Venture Capital Fundraising

The process of raising funds for a Venture Capital fund involves an extensive process that takes several years. During the fundraising process, VC firms often make a “first close” after reaching 25 percent to 50 percent of their target amount. Moreover, they usually invest funds before the final close. The most common structure for VC funds is a 2-20 structure. LPs pay a 2% management fee to cover firm costs. The VCs take 20% of profits as a carry. However, if the investment is successful, LPs will have to compensate the VCs with 20% of their own earnings.

The first major fundraising year for the venture capital industry was in 1978. This year, more than $750 million was raised. Before this time, however, many private companies were inaccessible to investors because of the Employee Retirement Income Security Act (ERISA). The US Labor Department loosened ERISA restrictions in 1978, allowing some investments in privately held companies to be made. As a result, corporate pension funds were a major source of venture capitalists’ money. In March 2000, the NASDAQ Composite index reached a record high of 5,048.

Since the advent of ERISA in 1978, venture capitalists have become one of the largest sources of capital. During that time, the US Labor Department had loosened the rules that limited these investments. Investors could no longer make investments in private companies if they were subject to the ERISA regulations. Therefore, many corporate pension funds became the major source of capital for the venture capital industry. Furthermore, a recent study conducted by a University of Southern California has shown that the number of startups soaring to five-figure levels is a result of increased risk.

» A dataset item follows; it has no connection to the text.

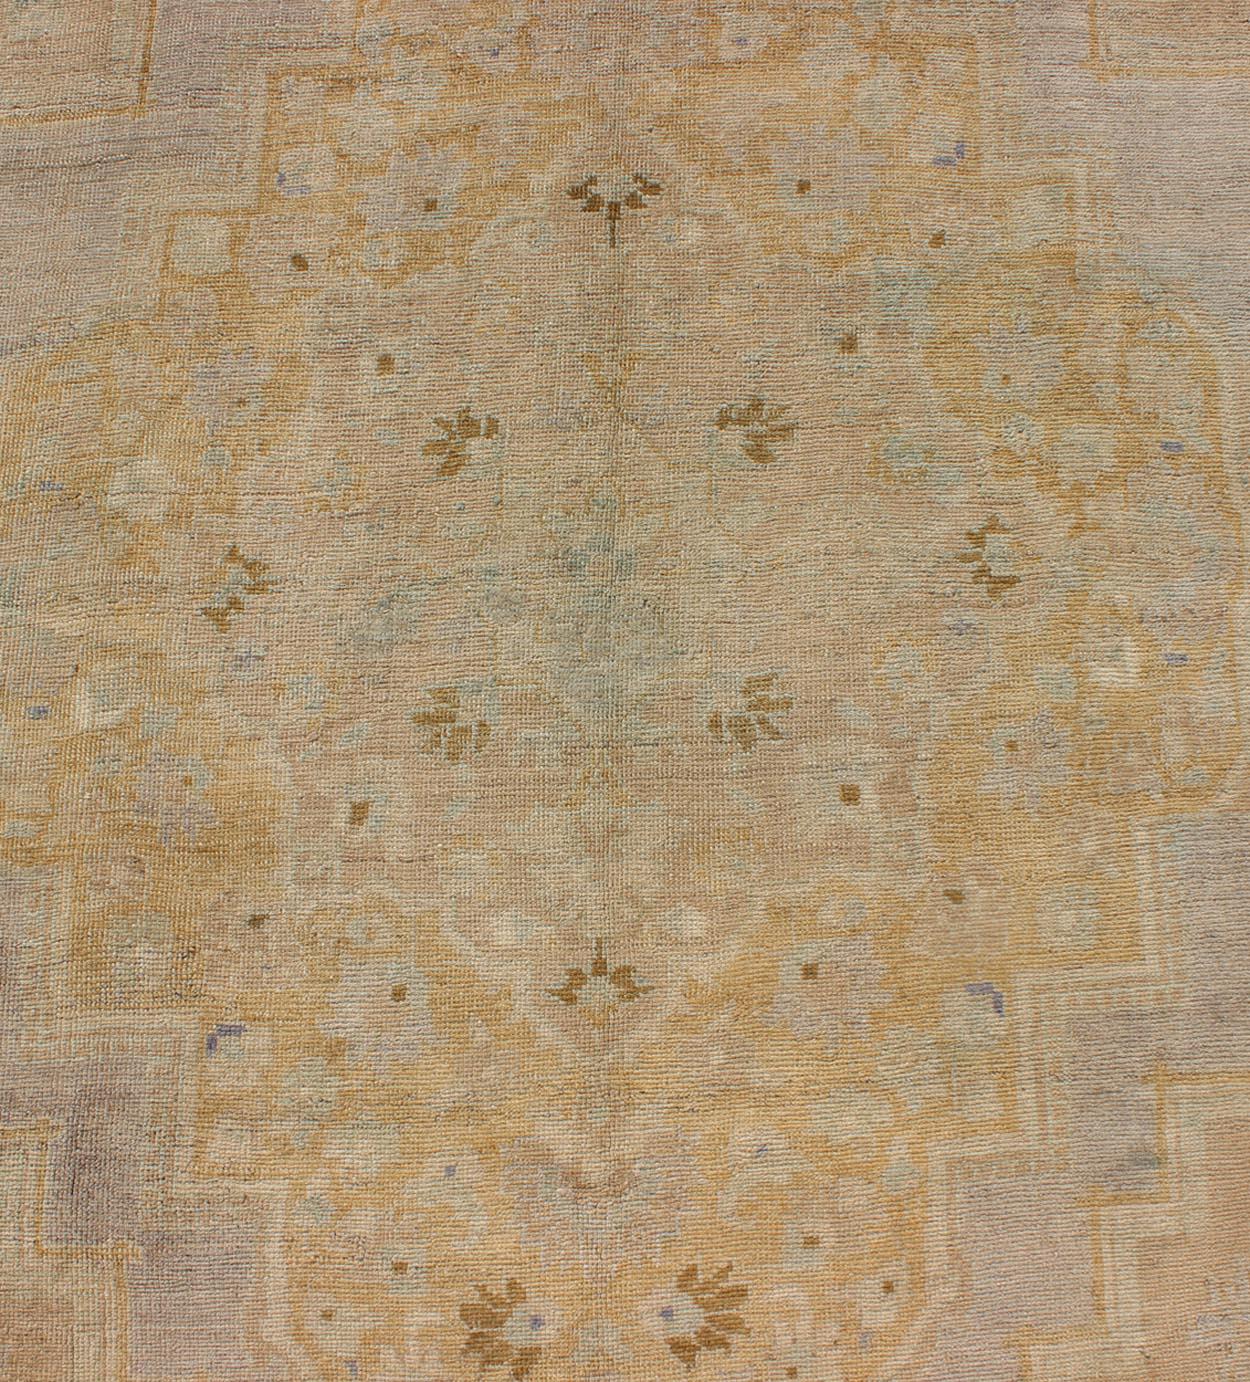 Mid-20th Century Vintage Turkish Oushak Rug with Lightly Toned Medallion Design For Sale

The first major fundraising year for venture capital was in 1978. In that year, venture capitalists raised $750 million. Before this time, the Employee Retirement Income Security Act (ERISA) had restricted many investments in privately held companies. Fortunately, the US Labor Department relaxed this restriction under the “prudent man” rule. This allowed the venture capital industry to attract investors. By March 2000, the NASDAQ Composite Index reached a record high of 5,048.

Aside from venture capitalists, corporations and universities are also popular sources of capital for startups. The majority of new companies that are funded by the Venture Capital industry have undergone the first major fundraising year in 1978. By contrast, the total funding amount has increased threefold since then. In fact, by contrast, in 2008, most businesses raised $750 million. In both years, the NASDAQ Composite index peaked at five-digit levels by March 2000.

VCs want to know the break-even point of the business. The more detailed the business, the more likely it is that it will succeed. It is crucial that the entrepreneur has a proven track record in the industry. Similarly, the entrepreneur must be a professional in the field. As a result, the VC should have experience in the industry. The VC’s pay structure may limit the entrepreneur’s upside in the company.